TRANS-NET aims to reverse the trend of poor survival by changing the current concepts of HSCT patient management by improving the understanding at the scientific level, transplant therapy and ensuing graft verus host disease (GvHD) and graft versus leukeamia (GvL) responses . TRANS-NET aims to identify novel prediction indicators and diagnostic markers for the assessment of patients and donors for predicting clinical outcome e.g. occurrence of GvHD and infection. Once identified the diagnostic markers, for example, will be tested by multivariate analysis in Consortium cohorts and once verified, results can be used to modify clinical assessment of patients and ultimately modify individual patient therapy and care. To achieve this goal TRANS-NET will include investigations into the patho-biological mechanisms involved in GvL , GvHD and specific therapies. Partners include the pioneers in clinical research into HSCT who will integrate with scientists with expertise in both the basic biology of the allo-immune response and in genomics , necessary to dissect the complex processes involved in HSCT. Scientific results will be assessed alongside the known clinical indicators of good or poor HSCT outcome with the aim of improving this clinical "diagnostic score" on an individual patient basis. TRANS-NET has therefore included biostatistics and bioinformatics experts to both train and aid in the study planning, and the univariate and multivariate statistical analyses needed for complex clinical cohorts. Important societal training issues on the ethical uses of stem cells are included in the project which will also be applicable to other disciplines. The project involves basic scientists, clinicians, bio-ethicists, pharmacologists, molecular biologists and microarray technologists, with a strong interaction between biotechnology and genomics; focused with the aim to translate, wherever possible, scientific data to clinical practice. The project includes intersectorial disciplines such as autoimmune disease and dermatology.
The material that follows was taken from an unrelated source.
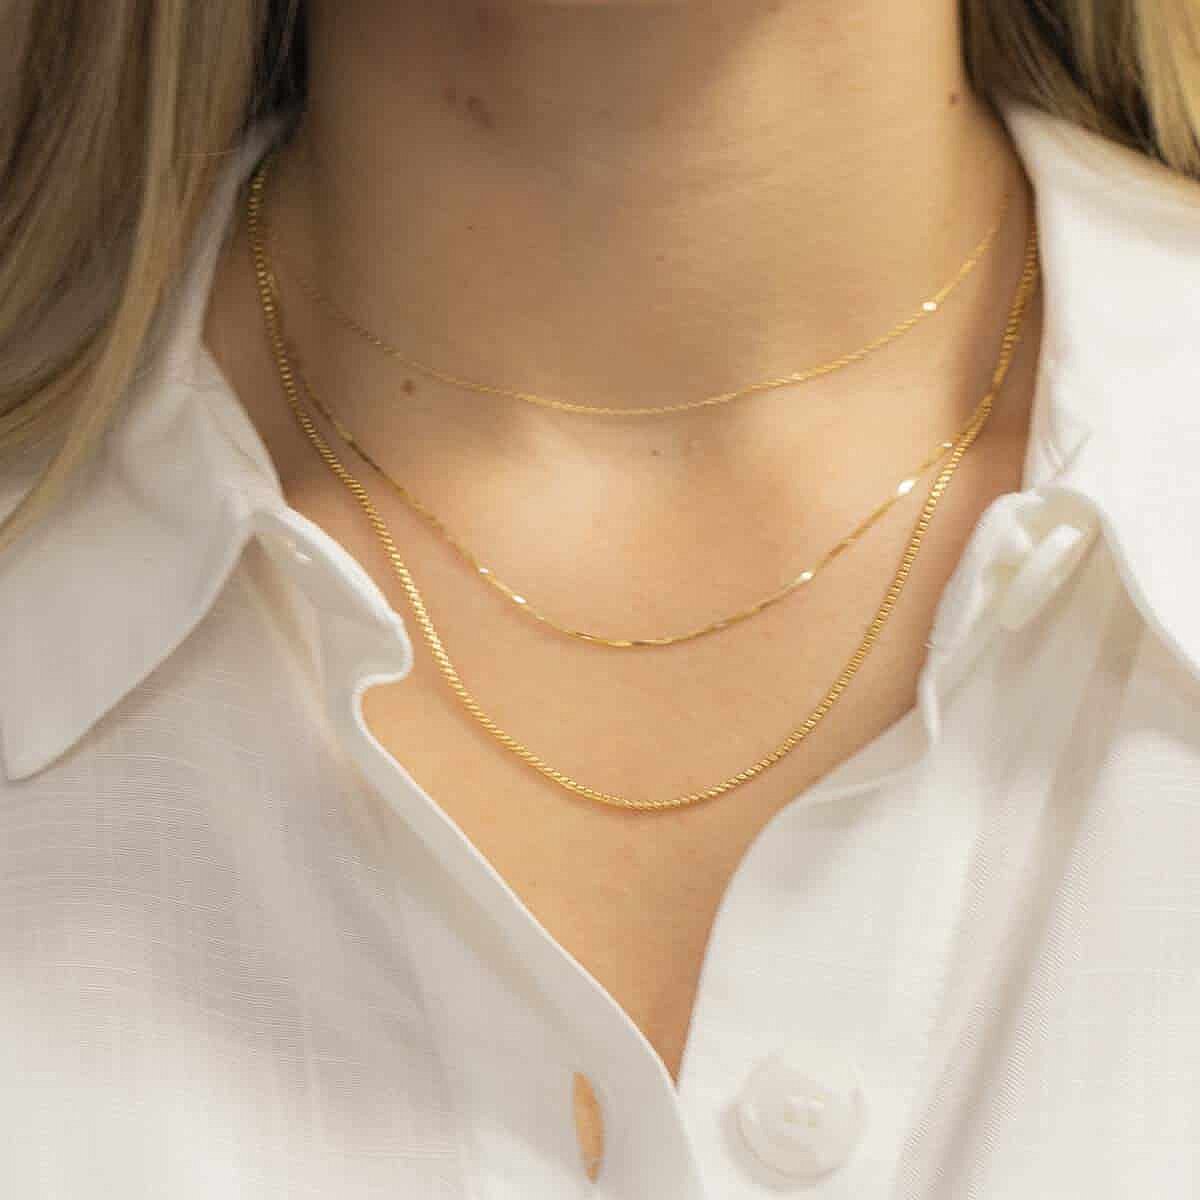 Types of Gold Chain Necklaces Designs for Women

In particular novel aspects include animal and human comparative genomics and non-HLA immunogenetics, such as pharmacogenomics and the development of novel bio-assays for HSCT. These should ultimately lead to novel concepts and clinical practises for individualised patient pre-transplant assessment and optimisation of novel and current therapies and clinical protocols.

TRANS-NET research includes::-

•  Functional genomic tools to assist in:-

The identification and testing of new or known single nucleotide polymorphisms (SNP) of potential relevance to transplantation genetics.

Creation of novel diagnostic reagents.

•  Novel biotechnologies to enable:-

Assessment of potentially new therapies and cell inhibitors of alloreactivity

New means of monitoring transplant related complications.

•  Gene expression profiling techniques to assist in :-

Identifying targets for potential new immunotherapeutic interventions

Identification of novel diagnostic reagents.